Wenzhou Institute, University of Chinese Academy of Science,Wenzhou, Zhejiang 325000, China.
Oujiang Laboratory, Longwan District, Wenzhou, Zhejiang 325001, China.
J Phys Chem B. 2022 Aug 25;126(33):6171-6179. doi: 10.1021/acs.jpcb.2c03976. Epub 2022 Aug 10.

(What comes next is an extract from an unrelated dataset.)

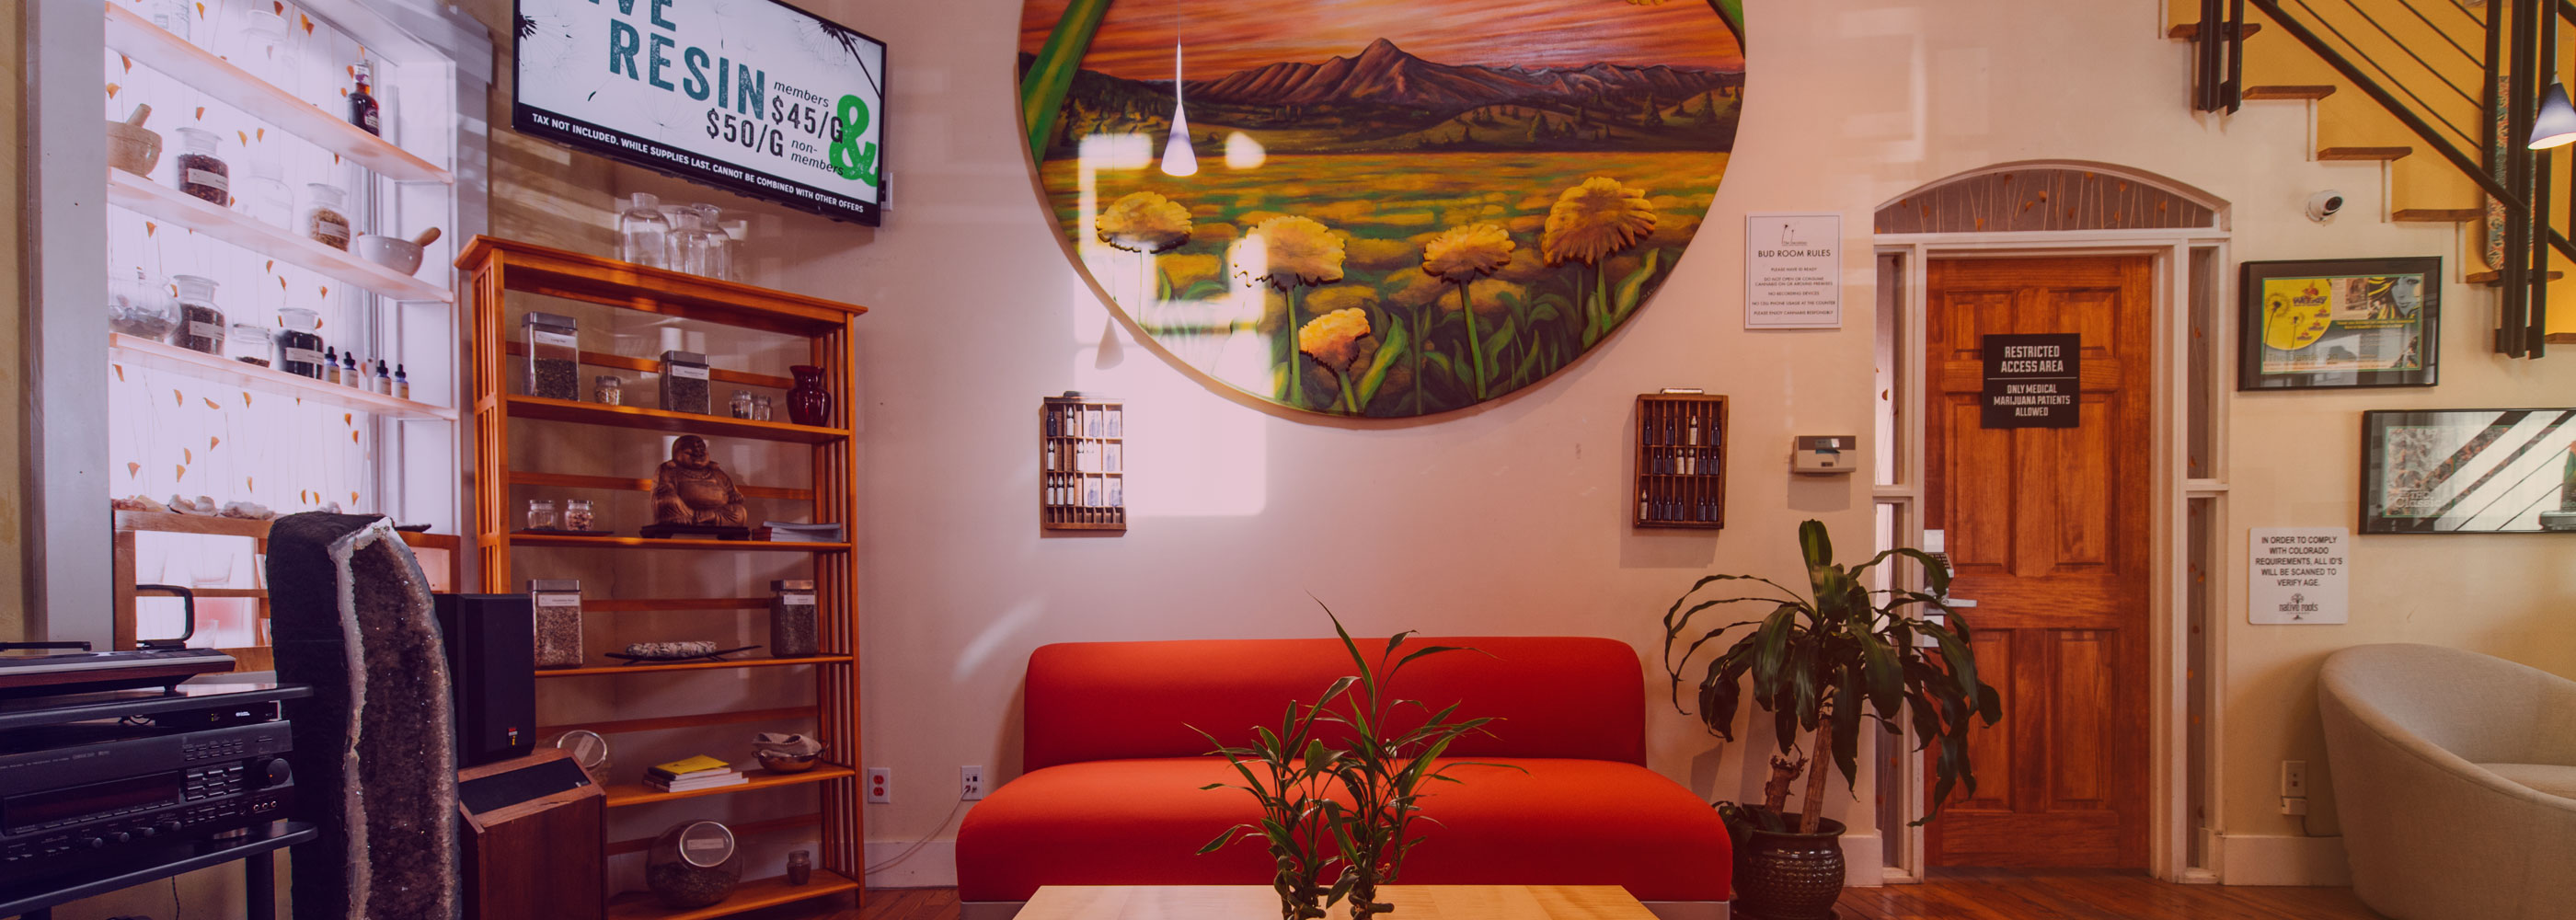 The Dandelion Marijuana Dispensary

The rate at which a Brownian particle confined in a closed space escapes from the space by passing through a narrow passage is called the escape rate. The escape rate is relevant to many diffusion limited processes in polymer and colloidal systems, such as colloidal aggregation, polymerization reaction, polymer translocation through a membrane, etc. Here, we propose a variational principle to calculate the escape rate of complex molecules doing Brownian motion in a multi-dimensional phase space. We propose a regional minimization method in which we divide the whole phase space into regions, conduct the minimization for each region, and combine the results to get the minimum in the entire space. As an example, we discuss (1) the escape rate of a point particle that escapes from a confinement passing through a long corridor and (2) the escape rate of a rod-like particle that escapes through a small hole made in the wall of the confinement.
在封闭空间中,布朗粒子通过狭窄通道逃离空间的速度称为逃逸率。逃逸率与聚合物和胶体系统中的许多扩散限制过程有关,例如胶体聚集、聚合反应、聚合物通过膜的易位等。在这里,我们提出了一种变分原理来计算在多维相空间中做布朗运动的复杂分子的逃逸率。我们提出了一种区域最小化方法,其中我们将整个相空间划分为区域,对每个区域进行最小化,并结合结果得到整个空间中的最小值。作为一个例子,我们讨论了(1)点粒子通过长通道从限制中逃逸的逃逸率,以及(2)棒状粒子通过限制壁上的小孔逃逸的逃逸率。